Née le 9 janvier 1909, la Corse Danielle Casanova est une femme de la période Front populaire du communisme français marquée par l’antifascisme, la volonté d’ouverture, la redécouverte de la Révolution française. Elle meurt à l’âge de 34 ans, le 10 mai 1943, en déportation à Auschwitz.

Ce n’est pas uniquement son martyre, sa mort à Auschwitz, qui fait sa grandeur, c’est aussi sa création et sa direction déterminée de l’Union des jeunes filles de France (UJFF), ainsi que son rôle de premier plan dans le communisme clandestin et son entrée en résistance. Où a- t-elle puisé cette fermeté, cette force de caractère, cette humanité, ce charisme qui ont contribué à la pérennité de sa mémoire ? Elle est la femme communiste la plus honorée. Depuis 1989, un paquebot transporteur de la compagnie maritime SNCM porte son nom.

Il s’impose à l’esprit son origine corse. Elle naît le 9 janvier 1909, à Ajaccio. La famille Perini, des instituteurs, porte des valeurs républicaines. Les grands-parents de Piana se disent du « clan Landy » républicain. Mais il n’est pas question de communisme. Un frère aîné est même un journaliste radical-socialiste. C’est Vincentella (premier prénom de celle qui se fit appeler Danielle) qui, encouragée par ses parents à faire des études de dentisterie à Paris, est gagnée au communisme et qui, avec sa force de conviction, entraîne l’essentiel de sa famille et aussi son amoureux, l’étudiant en droit Laurent Casanova, qui devient le collaborateur de Maurice Thorez.

C’est aux Jeunesses communistes que la jeune femme s’affirme
Certes, son militantisme commence avant le Front populaire : adhésion à l’Union fédérale des étudiants en 1927 (mouvement qui n’avait pas été créé par les communistes, mais où ceux-ci sont de plus en plus présents), adhésion aux Jeunesses communistes (JC) en 1928, responsabilités au Parti communiste en 1930. Mais c’est bien aux JC que la jeune femme va s’affirmer et, en quelques années, devenir l’élément féminin de la direction, celle qui parle, qui écrit, qui organise. Très tôt, elle s’initie aux tâches clandestines qui nécessitent de la discrétion, de la méthode, du sang-froid et, bien sûr, du courage. Elle le fait dans le cadre de l’activité antimilitariste et des questions coloniales.
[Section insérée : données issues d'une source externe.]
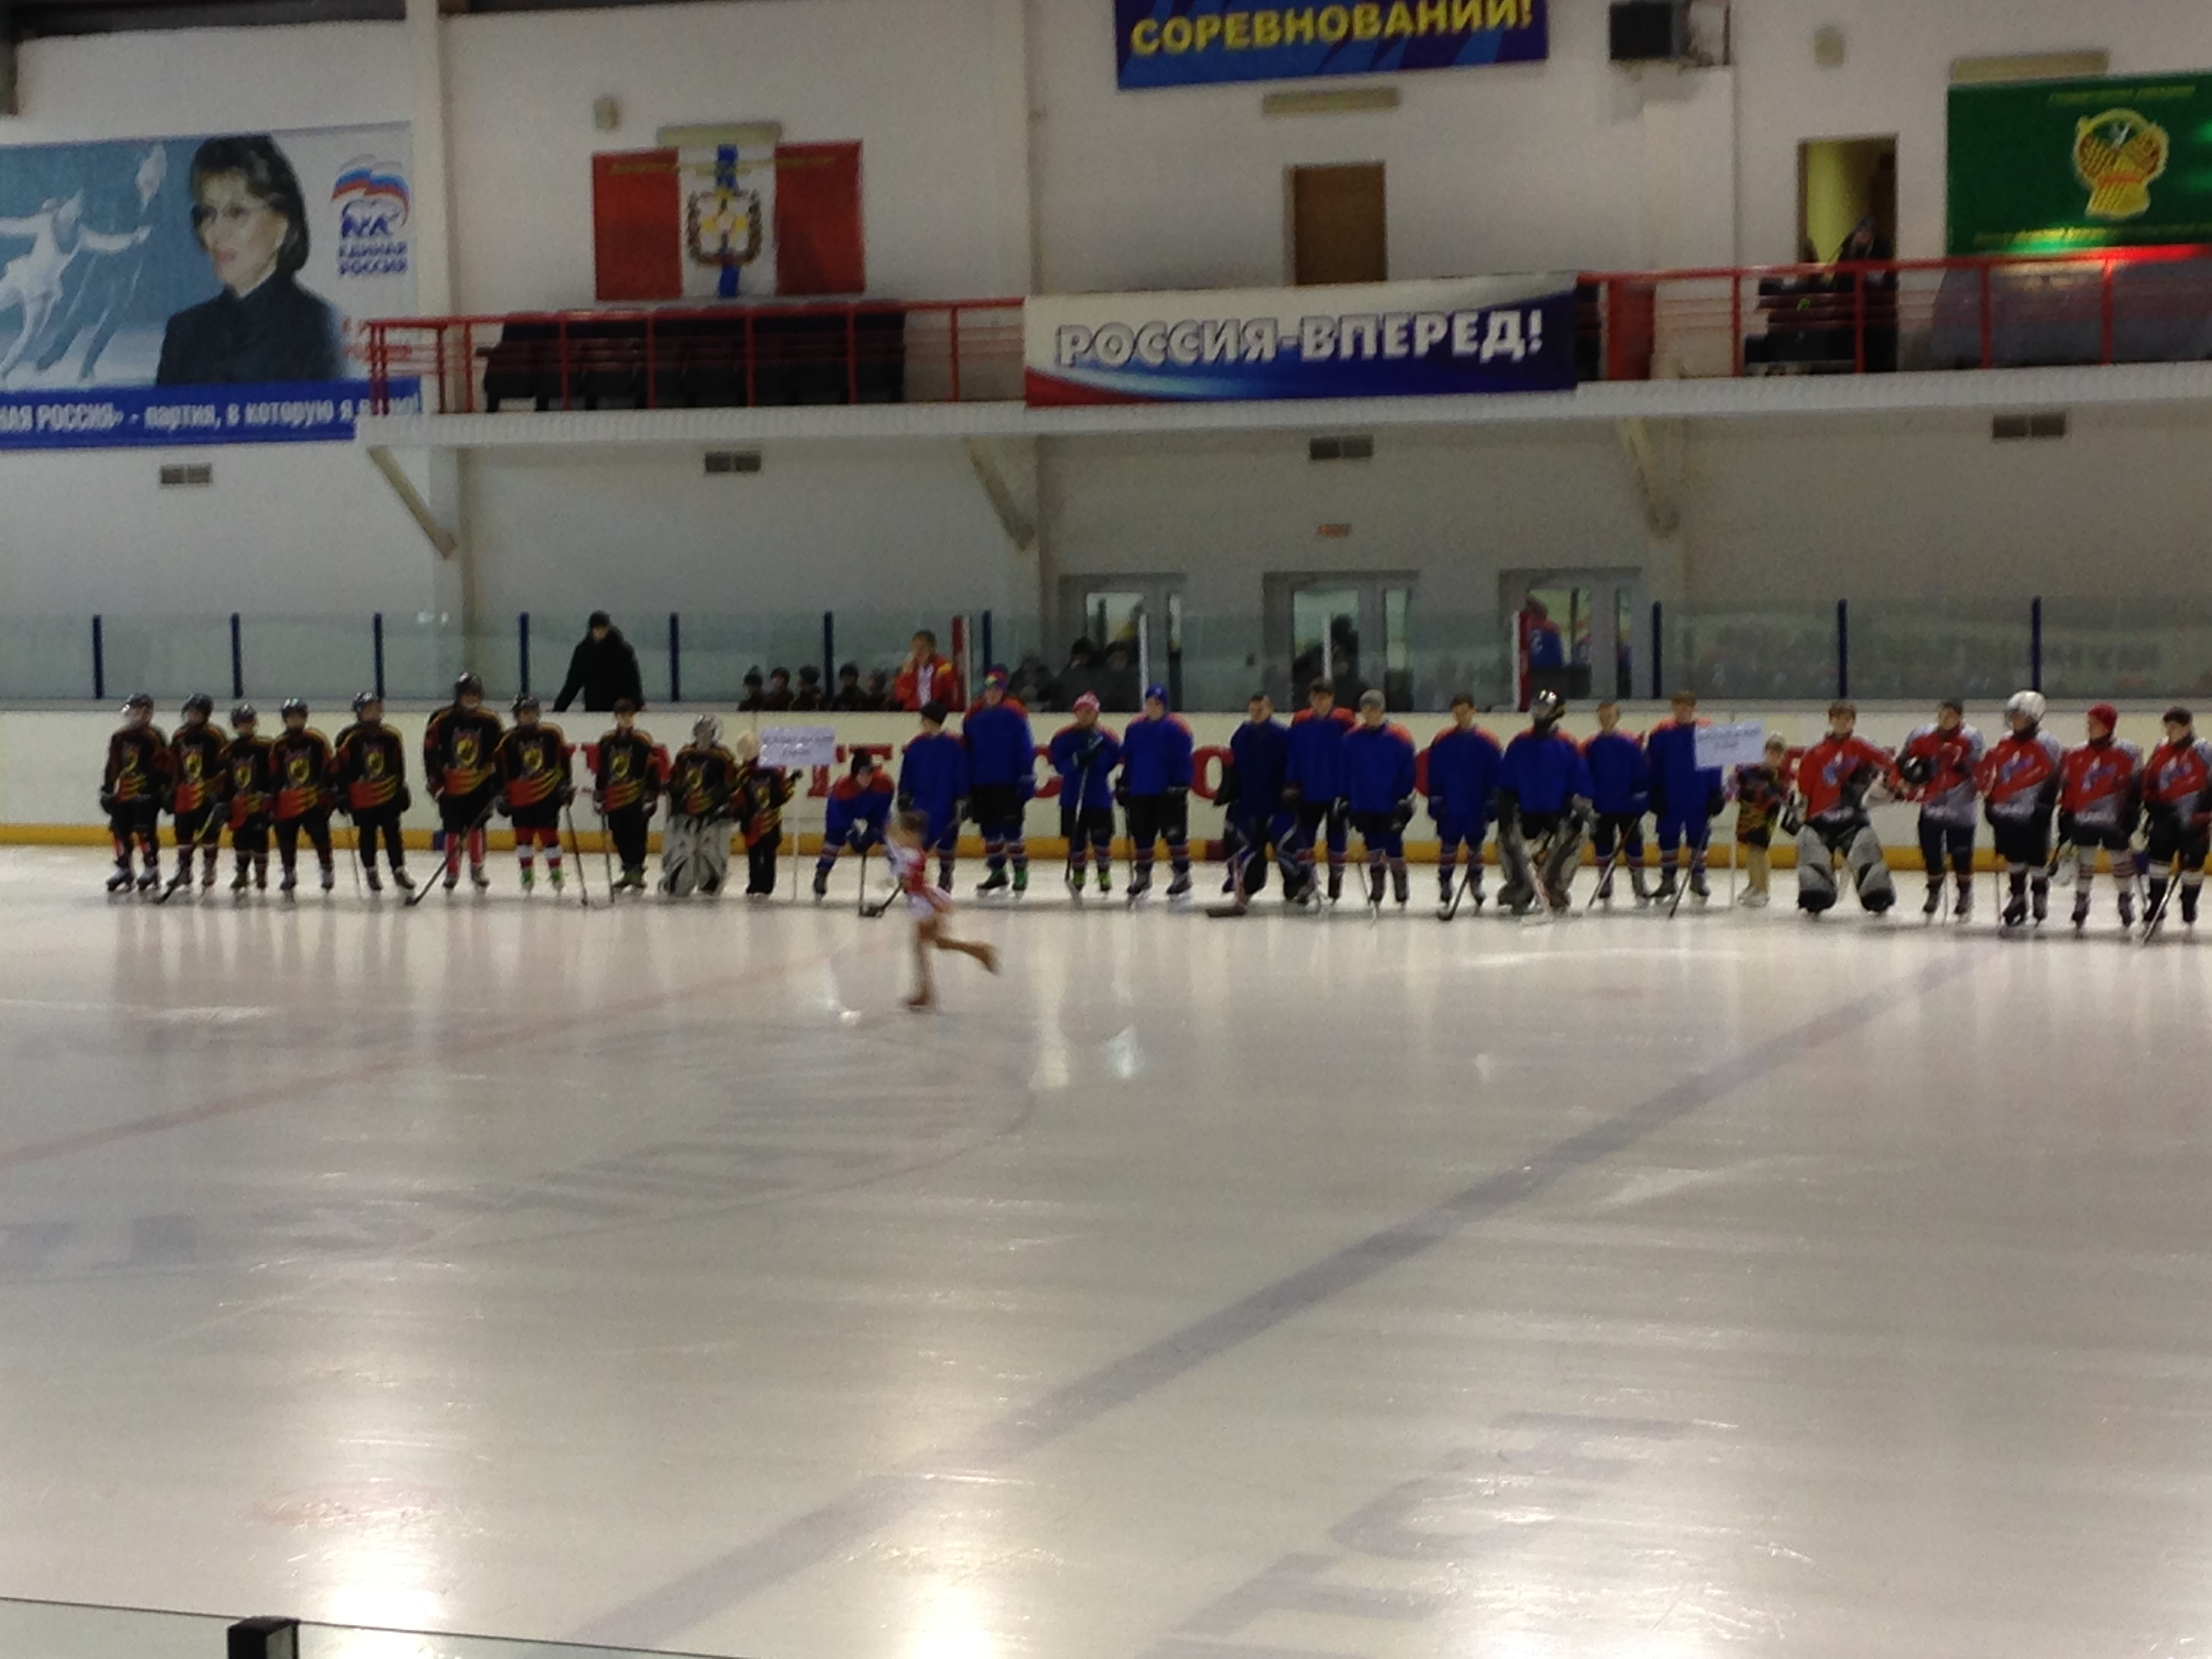 Новости спорта чемпионат мира хоккею

Moment important et initiateur pour elle, l’invitation au VIe congrès de l’Internationale communiste des jeunes en septembre-octobre 1935, où elle entre au comité exécutif de l’ICJ, suivi du congrès de Marseille des JC en mars 1936 qui la voit monter sur la marche supérieure parmi les quatre secrétaires, avec mission de fonder et de diriger l’UJFF. Pourquoi séparer garçons et filles ? On peut faire appel à la montée des thématiques familialistes sous le Front populaire. Danielle Casanova s’en explique en invoquant les réticences des familles populaires de l’époque à laisser s’engager des jeunes filles dans des mouvements mixtes et en misant sur un développement rapide d’un tel mouvement, ce qui se confirme.
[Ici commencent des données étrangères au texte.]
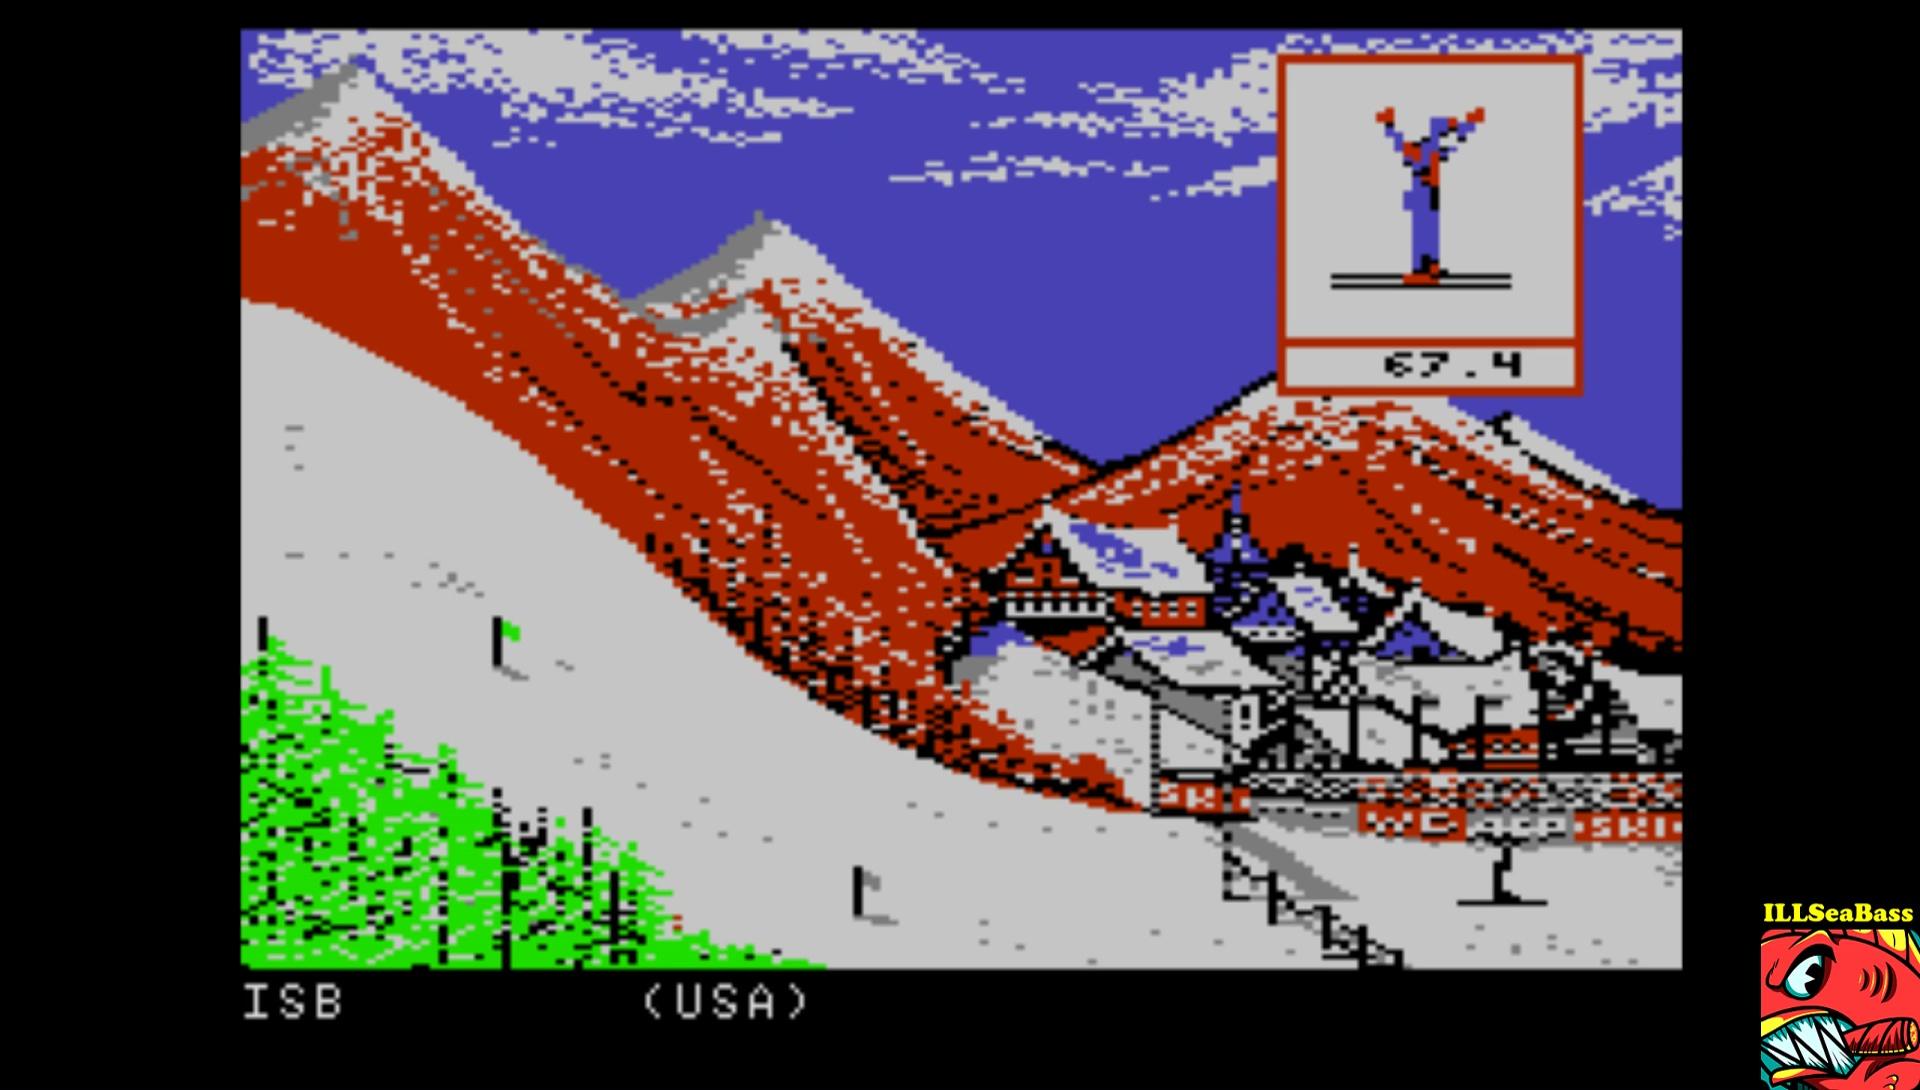 ILLSeaBass: Winter Games: Ski Jump (Atari 7800 Emulated) 216 points on 2017-02-16 21:20:14

Danielle Casanova, entourée de Claudine Chomat et de Jeannette Vermeersch, jouit de ses qualités naturelles d’organisatrice et de son sens des relations humaines. De plus, elle bénéficie de l’amitié de Thorez, qui apprécie sa présence et celle de Laurent Casanova dans les repas entre proches. Elle garde son jardin secret, la coopération avec le Kominterm pour les actions de transmissions et de déplacements. Maurice Tréand veille à la discrétion de ces missions qui nécessitent l’emploi de femmes jeunes, cultivées et sûres. L’UJFF est un vivier de choix. N’oublions pas que le PCF est encore, jusqu’en 1943, une section de l’Internationale communiste, avec la nécessité de faire circuler des cadres. Toujours est-il que, mieux que beaucoup d’autres, elle maîtrise les techniques de base de la clandestinité, ce qui lui donne un temps d’avance lorsque le Parti entre dans la clandestinité, puis la Résistance.
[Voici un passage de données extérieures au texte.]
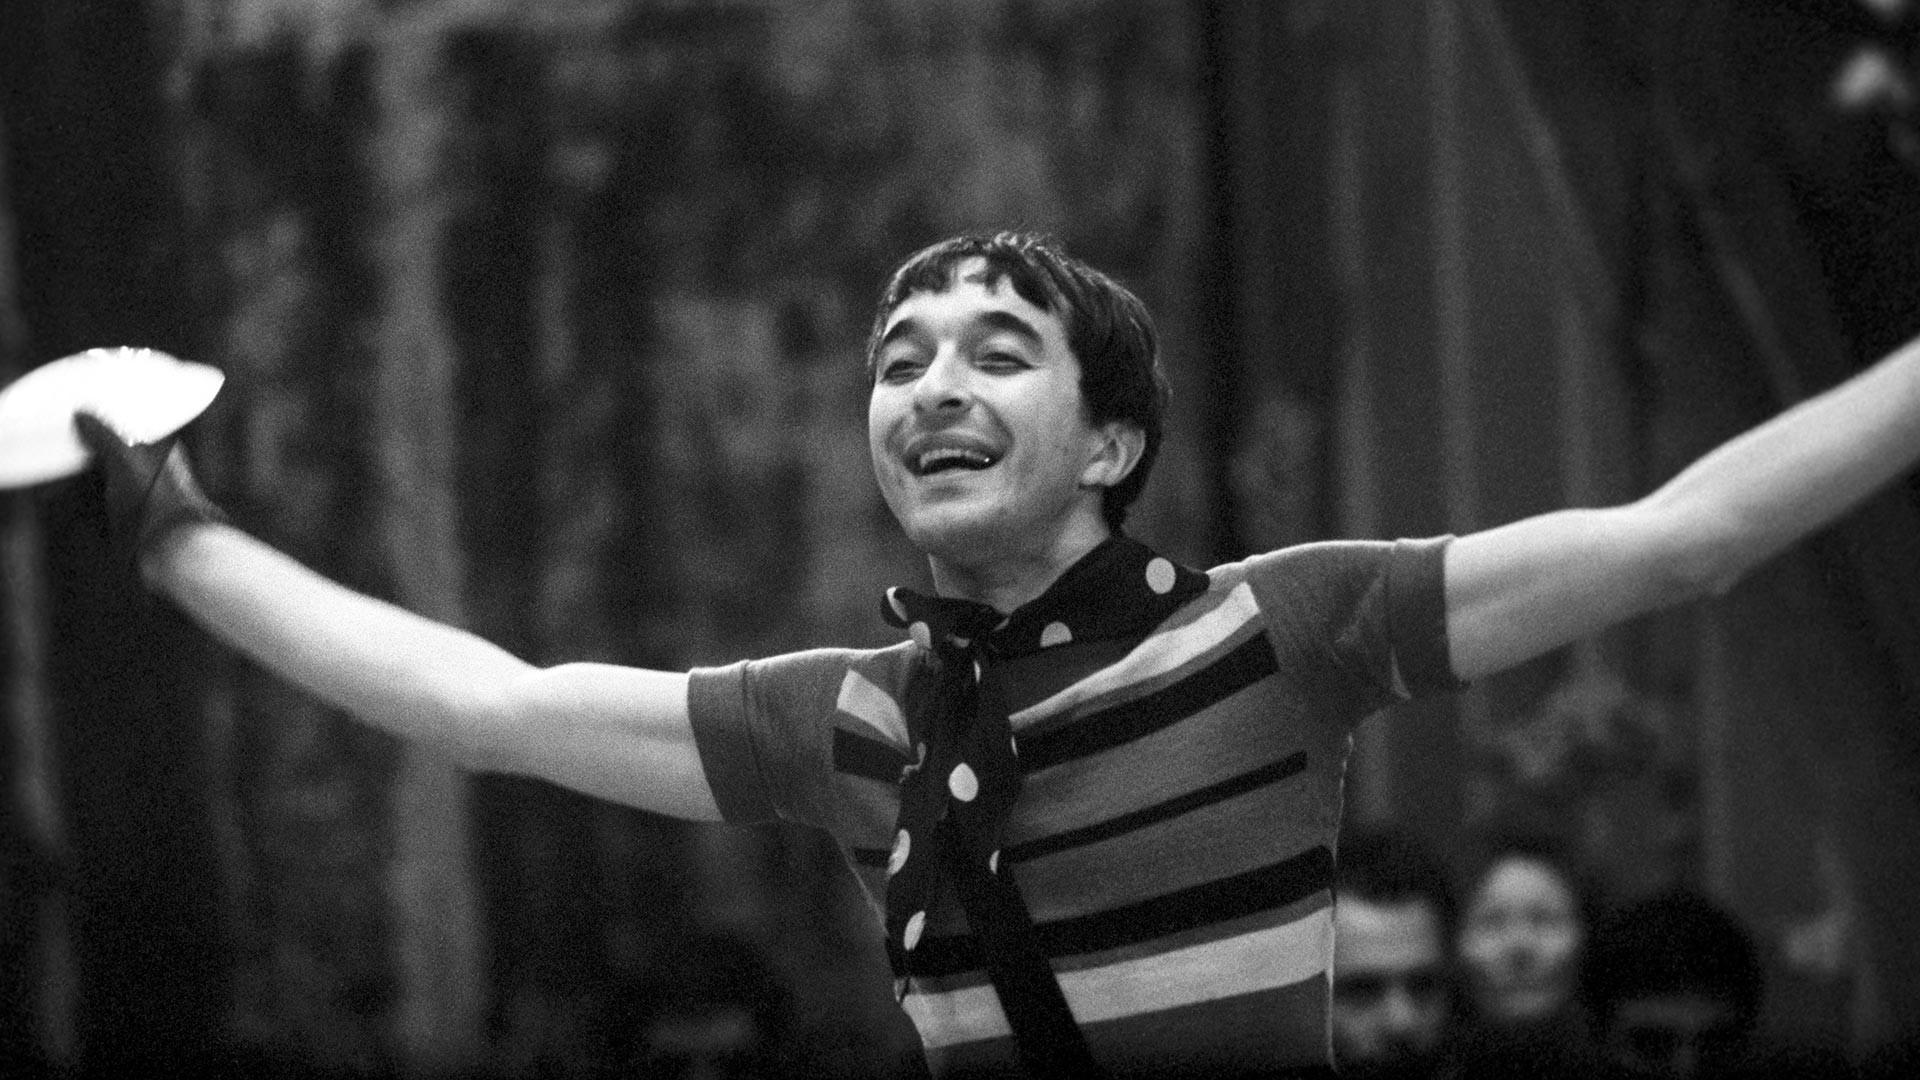 Nel 1964 vinse il primo premio al Concorso Europeo di Clown a Praga

Revenue de Corse, elle choisit aussitôt de disparaître après le pacte germano-soviétique et l’interdiction du PCF en septembre 1939, évitant les arrestations et les internements administratifs qui touchent durement les militants et les libertés républicaines. Chargée un moment de superviser la propagande politique dans l’armée, elle s’oriente à partir d’octobre 1940 vers la mise en place des comités féminins dans la région parisienne et la zone occupée, avec une belle réussite. Elle suit également les rapports avec les intellectuels. Amaigrie, habillée avec élégance comme une bourgeoise, elle se déplace dans la plus grande discrétion. Mais la police réussit à l’arrêter le 15 février 1942, chez Maïe et Georges Politzer. Elle connaît la prison, l’internement à Romainville. Si les Allemands ne fusillent pas les femmes en France, préférant les déporter, elles apprennent les exécutions de leurs maris, frères et amis, notamment au Mont-Valérien.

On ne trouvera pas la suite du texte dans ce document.